### Given information
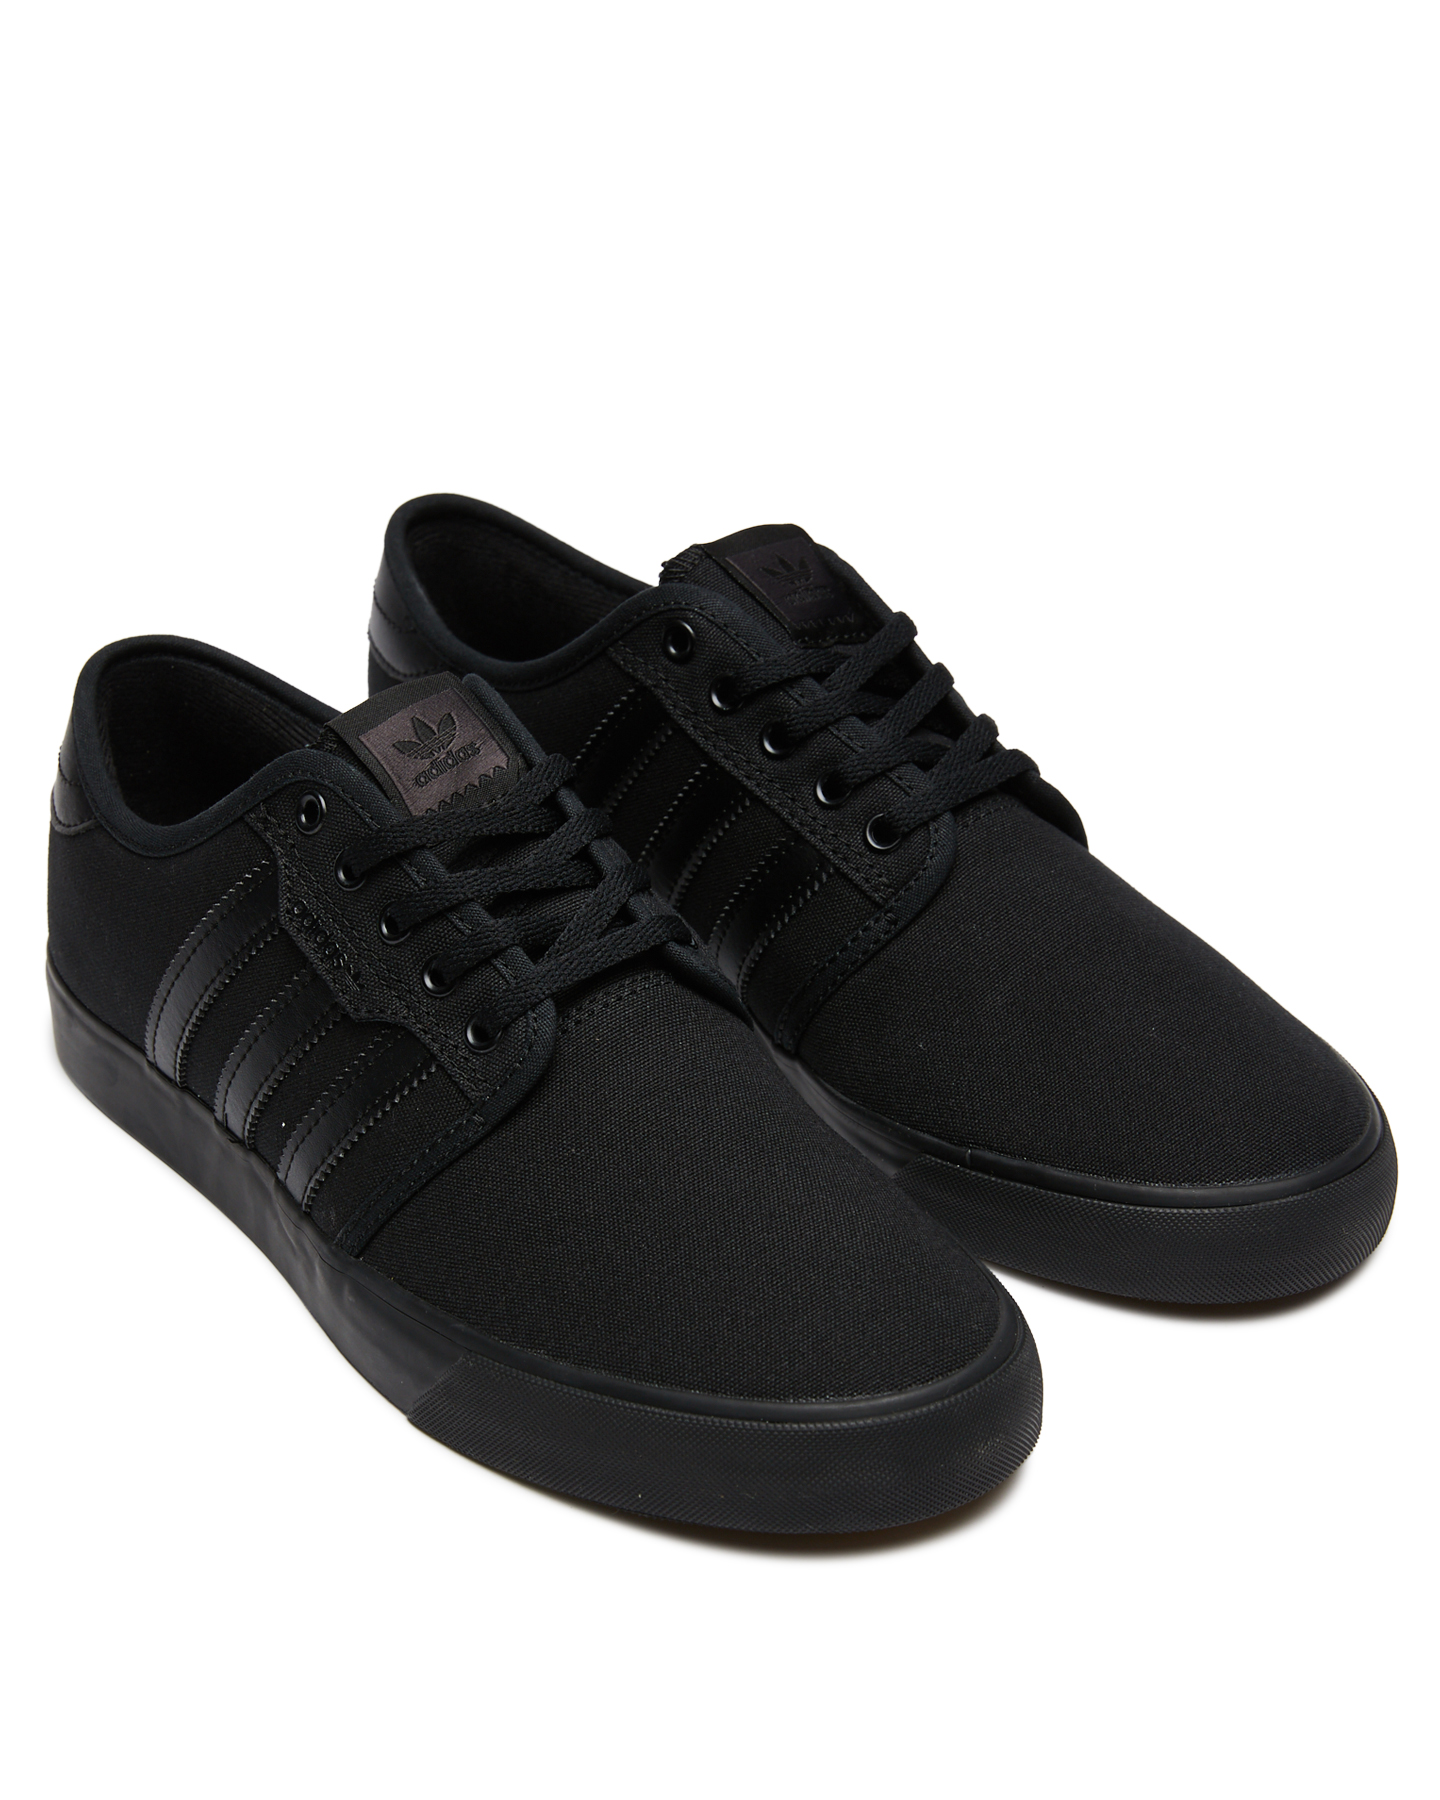 Adidas Womens Seeley Shoe - Black Black | SurfStitch
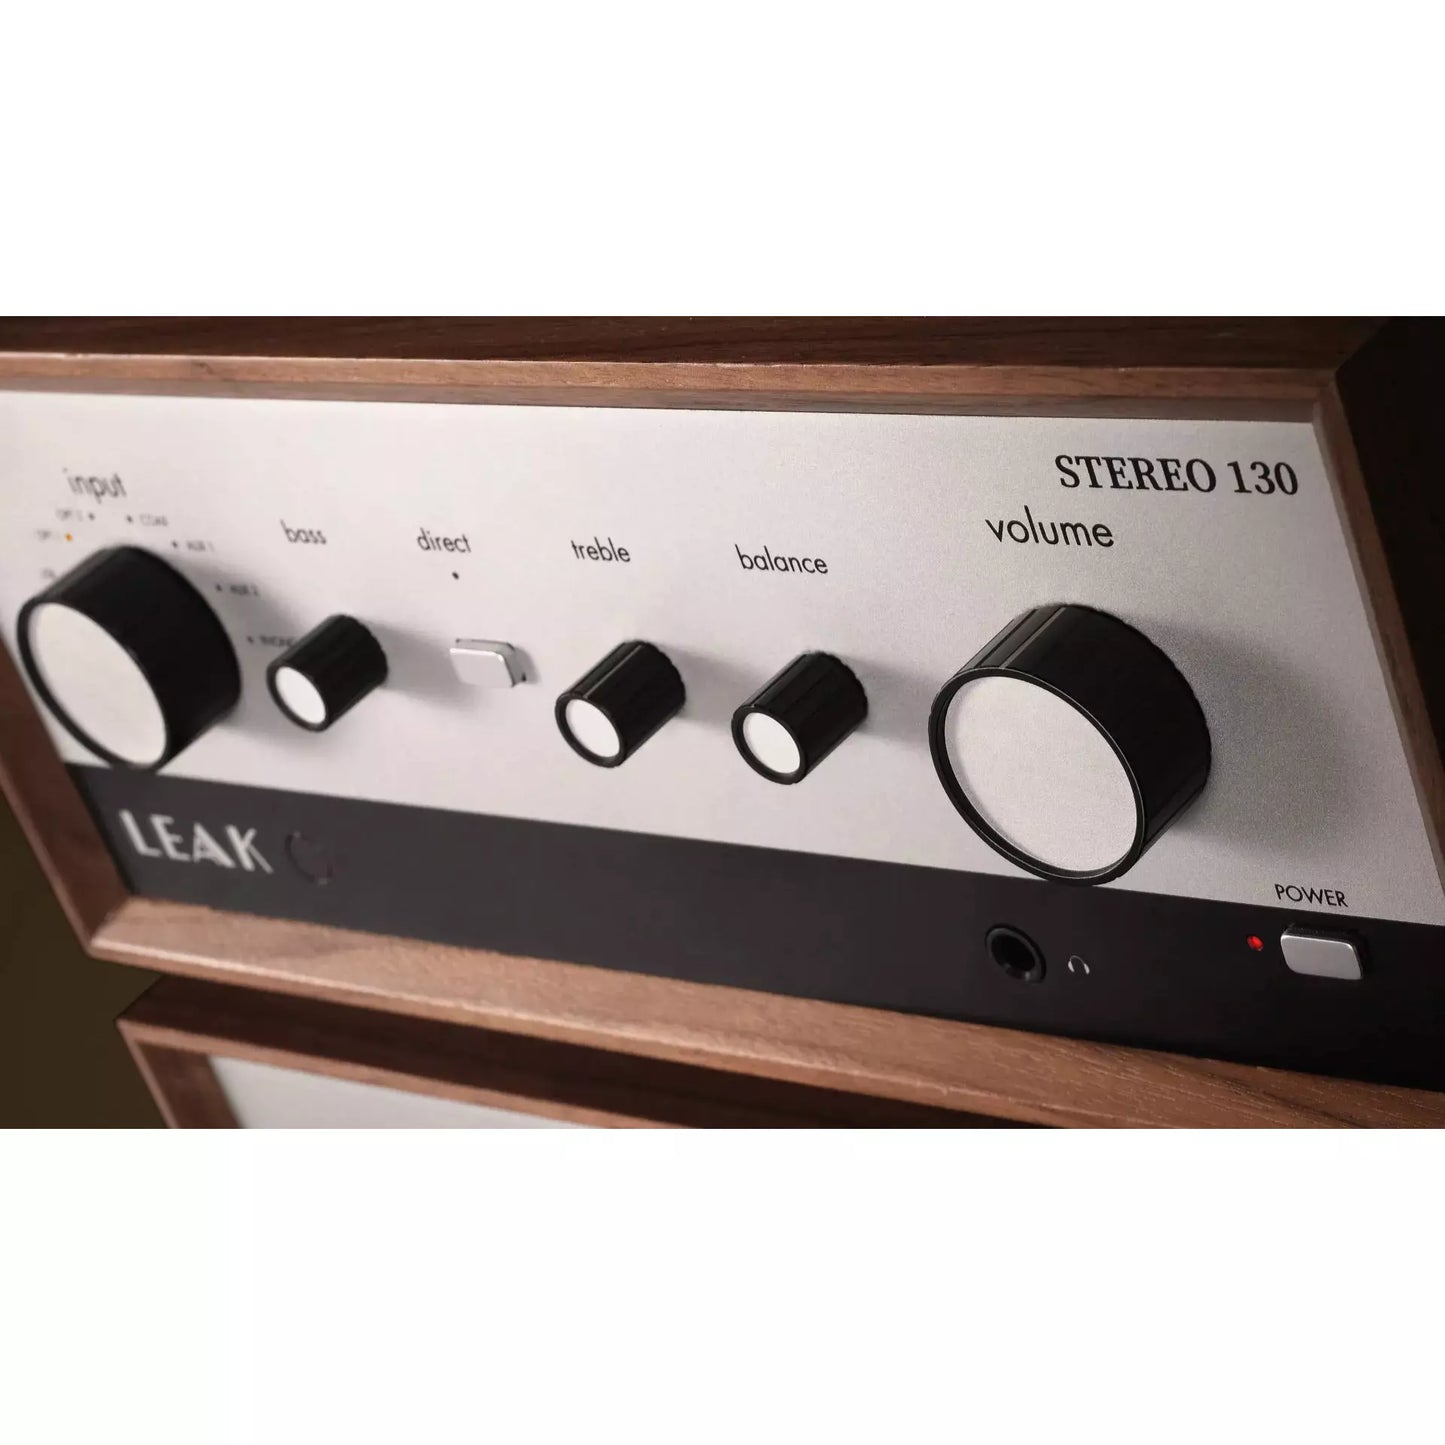 Leak - Stereo 130 Integrated Amplifier
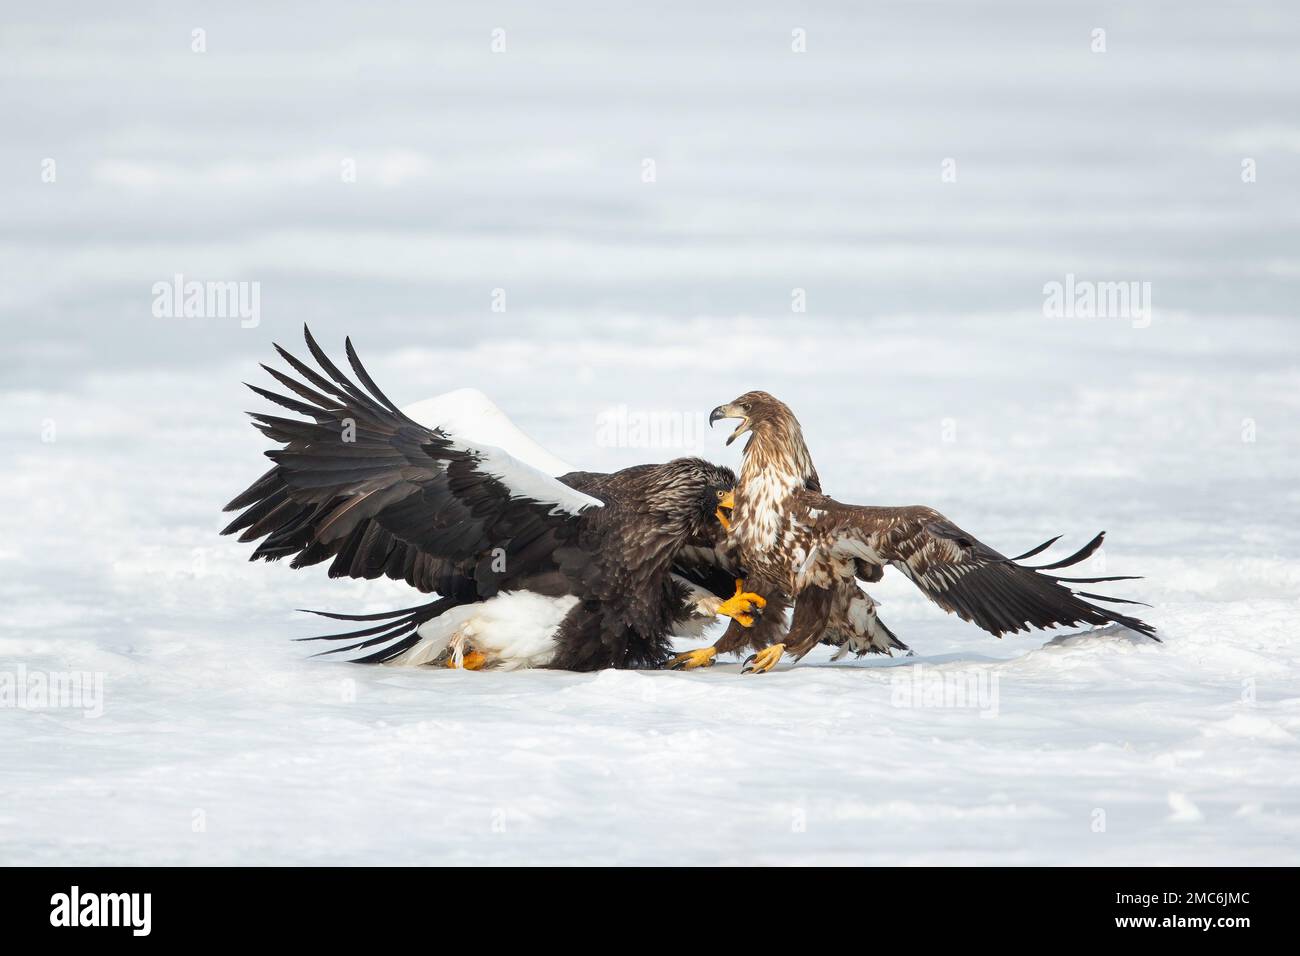 Steller's sea eagle (Haliaeetus pelagicus) and White-tailed Eagle (Haliaeetus albicilla) fighting on frozen lake, Hokkaido, Japan Stock Photo

### Exercise brief
All lines from the one containing "Leak - Stereo 130 Integrated Amplifier" to the last line of the data above, both included, should be printed exactly, and the pictures should not appear.

### Reply to the task
 Leak - Stereo 130 Integrated Amplifier
 Steller's sea eagle (Haliaeetus pelagicus) and White-tailed Eagle (Haliaeetus albicilla) fighting on frozen lake, Hokkaido, Japan Stock Photo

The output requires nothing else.